The application filed by the International Criminal Court (ICC) against president Bashir in 2008 mentioned names of other Sudanese officials that assisted in recruiting Janjaweed including Gosh, Presidential Assistant Nafie Ali Nafie, Defence Minister Abdel-Rahim Mohamed Hussein, Head of Military Intelligence and Deputy Chief of Staff General Awad Ibn Auf and State Minister for Humanitarian Affairs Ahmed Haroun.
Taha was quoted in the ICC application as telling 15 Janjaweed commanders that the war in Darfur “had been imposed upon them and that, as Arabs, they should preserve the unity of their land and religion”.
In his discussion with Fernandez, Hilal pleaded for US understanding.
"We want a place in the American agenda for Darfur. We want to see your policy goals succeed there. He said that he wanted to find whatever way I can to be helpful to the Americans,” Hilal said.
"We don’t understand what your goal in Darfur is, we want to understand and be helpful." He repeatedly emphasised that the loyalty of Darfur’s Arab tribes, and presumably his own, is up for grabs, if the West is interested.
He added that he wanted nothing for himself except the opportunity to travel freely.
Last year sources told the London-based Al-Sharq Al-Awsat newspaper that Hilal disappeared after feeling frustrated with the government which barred him from leaving to Jordan to seek medical treatment citing security reasons.
‘FUR SHOULD LEAD IN DARFUR’
Hilal went on to give his analysis of Darfur’s African tribes. He dismissed the power of the various Zaghawa-dominated rebel groups such as the Justice and Equality Movement (JEM). He said the latter is strong only because of Chadian support and the heavy use of Chadian mercenaries.
The Mahameed clan leader said that JEM chief Khalil Ibrahim recruits lesser tribes along the border as cannon fodder, "there aren’t that many Zaghawa that are still fighters" as the upwardly mobile tribe moves to the cities to become successful traders and businessmen.
Hilal characterised the Fur people of Darfur are much more formidable as they are “smarter and fight better, but they lack the weapons, vehicles and preparation”.
"The Fur should lead [in Darfur] as they are "wiser, better educated and moderate" he said in an unusual comment from a key Arab figure in Darfur.

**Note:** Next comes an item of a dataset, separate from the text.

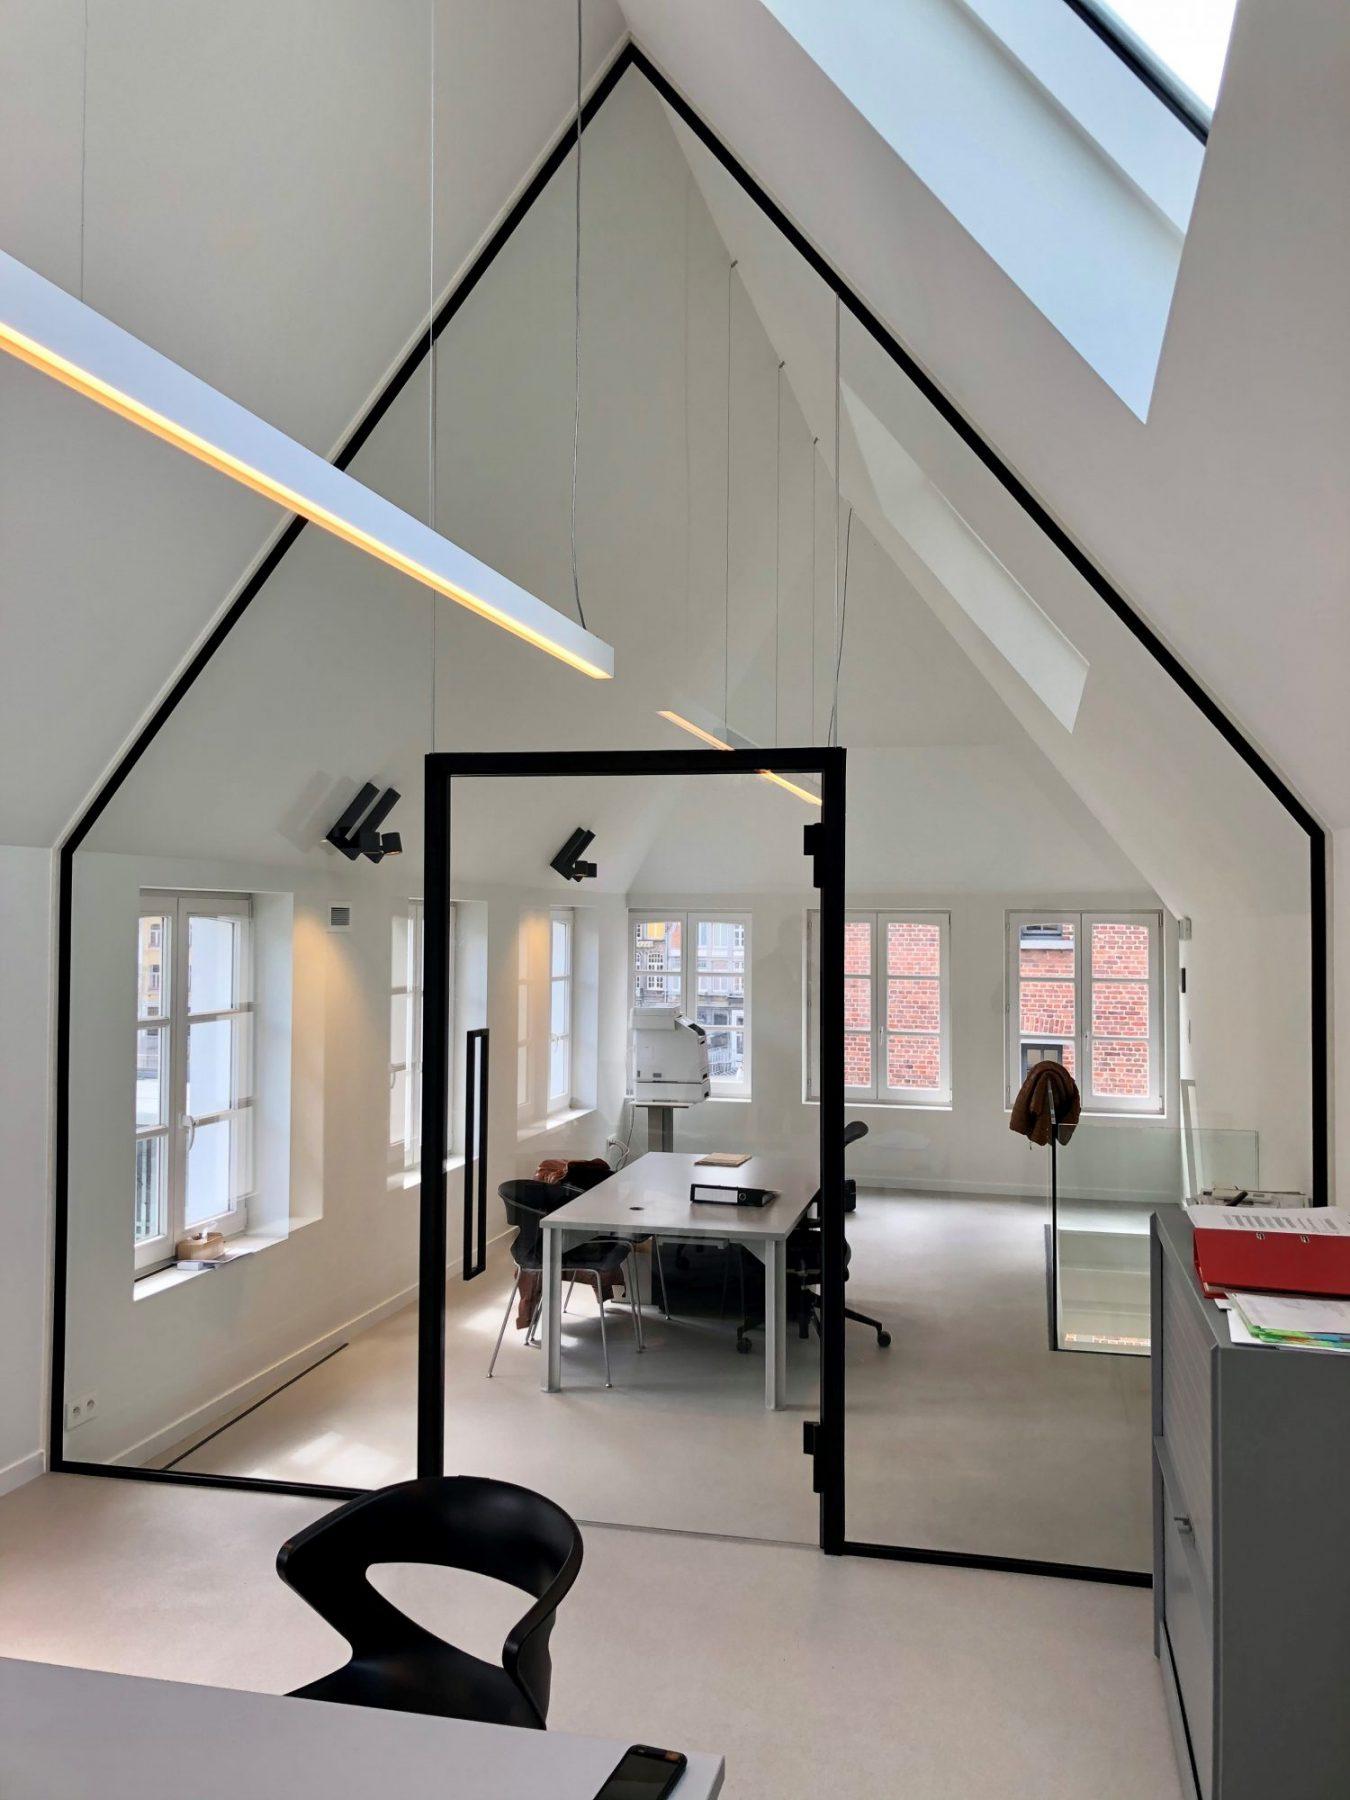 https://allglas.be/wp-content/uploads/2021/06/all-glas-walschaerts-bonheiden-interieurglas-steellook-glaswand-immovos-02-scaled.jpg

In the comment section of the cable added by US embassy officials, Hilal was described as “compelling and surprisingly articulate figure (in Arabic) who seems eager to break with Khartoum and find some sort of accommodation from the West for himself and his band of rogues. He longs for contact and recognition and was not shy about his contempt for the Islamist politicians in Khartoum (he was silent, however, about his likely paymasters in the Sudanese military/security apparatus).
“He [Hilal] does feel, and is probably right, that tribesmen like himself are in danger of being made scapegoats at war crimes tribunals for policy decisions made in the capital. Although Hilal was only one of many ruthless Arab militia field commanders in Darfur, his media exposure during the worse years of the genocide will always make him a marked man. He is smart and aware enough to know that and to look for a way out without comprehending that none is likely to exist for him. If anything, this meeting also underscores the shallow, mercurial nature of Khartoum’s relationship with their most trusted allies in the field in Darfur”.